Using resistive heating (which is what this is) is not very efficient (even if
it's a by-product). A better way to heat your home is to not waste power and
use it instead to run an electric heat pump (which are _over_ 100% efficient).
There is a good analysis in the "Mythconceptions" section at the end of
chapter I.11 of the excellent "Sustainable Energy — without the hot air" [0]
on p71 (p84 of the free PDF).

That's the downside but there are some interesting applications. They could
enable you to host your own personal cloud on the box in your home. So you
know where it is.

You could vary the operating time of the servers so they only operate (or at
least only run at 100%) when heating is needed. This could be based on the
season, an external temperature sensor or weather data. Processing could
migrate between the hemispheres of the world depending on the season.

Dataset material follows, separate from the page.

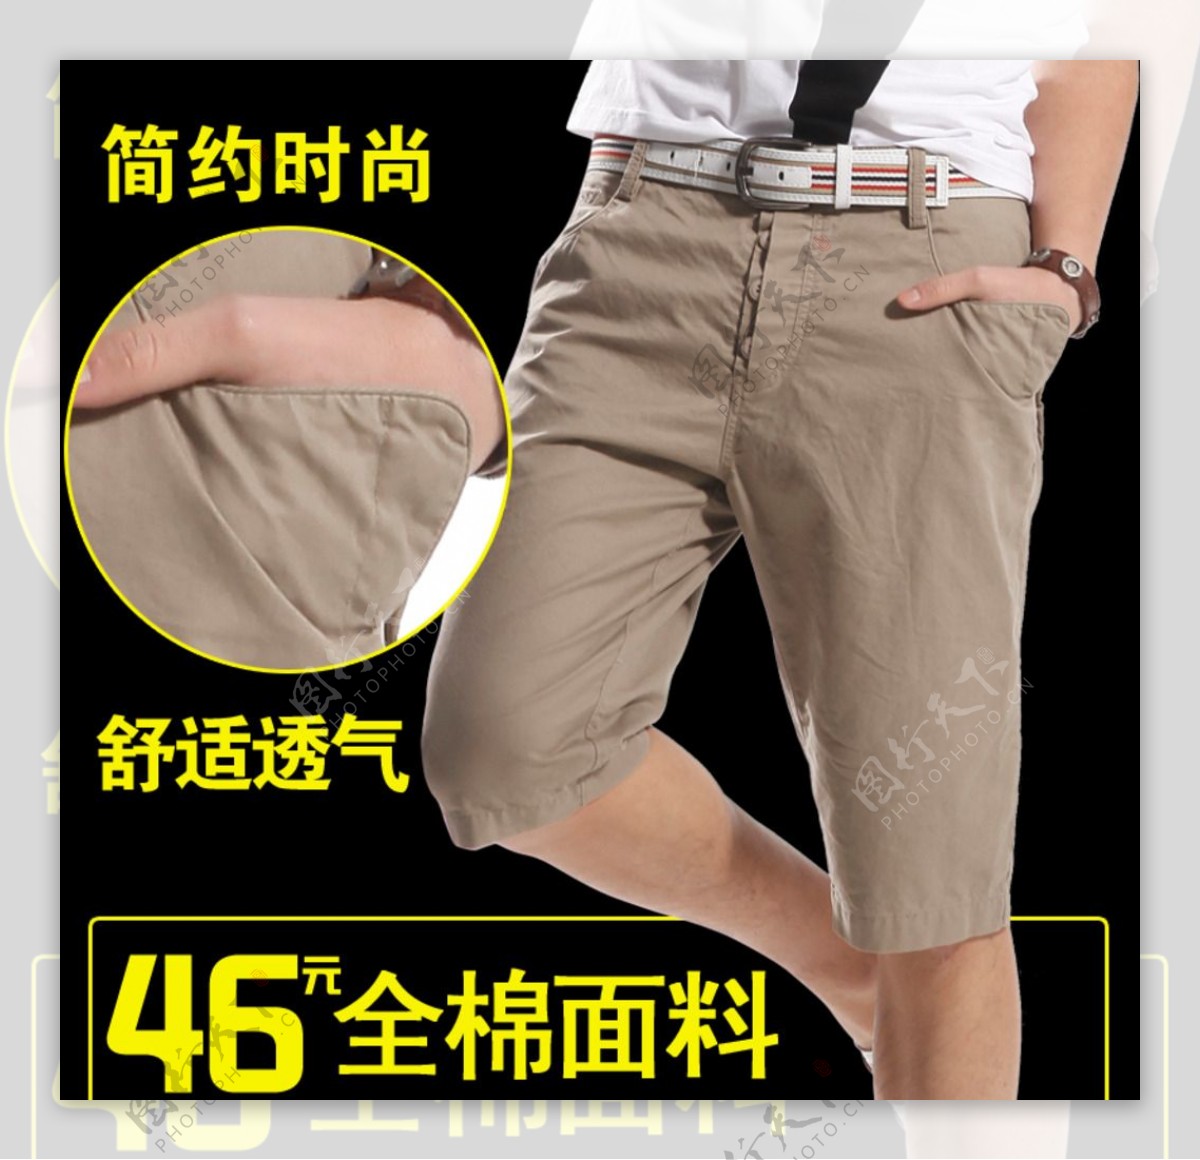 男士短裤促销折扣素材

The load could also be varied based on the local grid demands and power mix.
Various real-time data sources are available that report on how green the
current energy mix is [1] [2]. You can even just measure the frequency of the
electricity to see how well generation is matching consumption. This is known
as dynamic demand or demand shaping and you can even be paid by the grid
operator for it so it could be a good business model. It would also be nice if
they partnered with green power companies that buy their energy from renewable
sources.

[0]
[http://www.withouthotair.com/download.html](http://www.withouthotair.com/download.html)
[1]
[http://www.earth.org.uk/_gridCarbonIntensityGB.html](http://www.earth.org.uk/_gridCarbonIntensityGB.html)
[2] [http://www.gridwatch.templar.co.uk/](http://www.gridwatch.templar.co.uk/)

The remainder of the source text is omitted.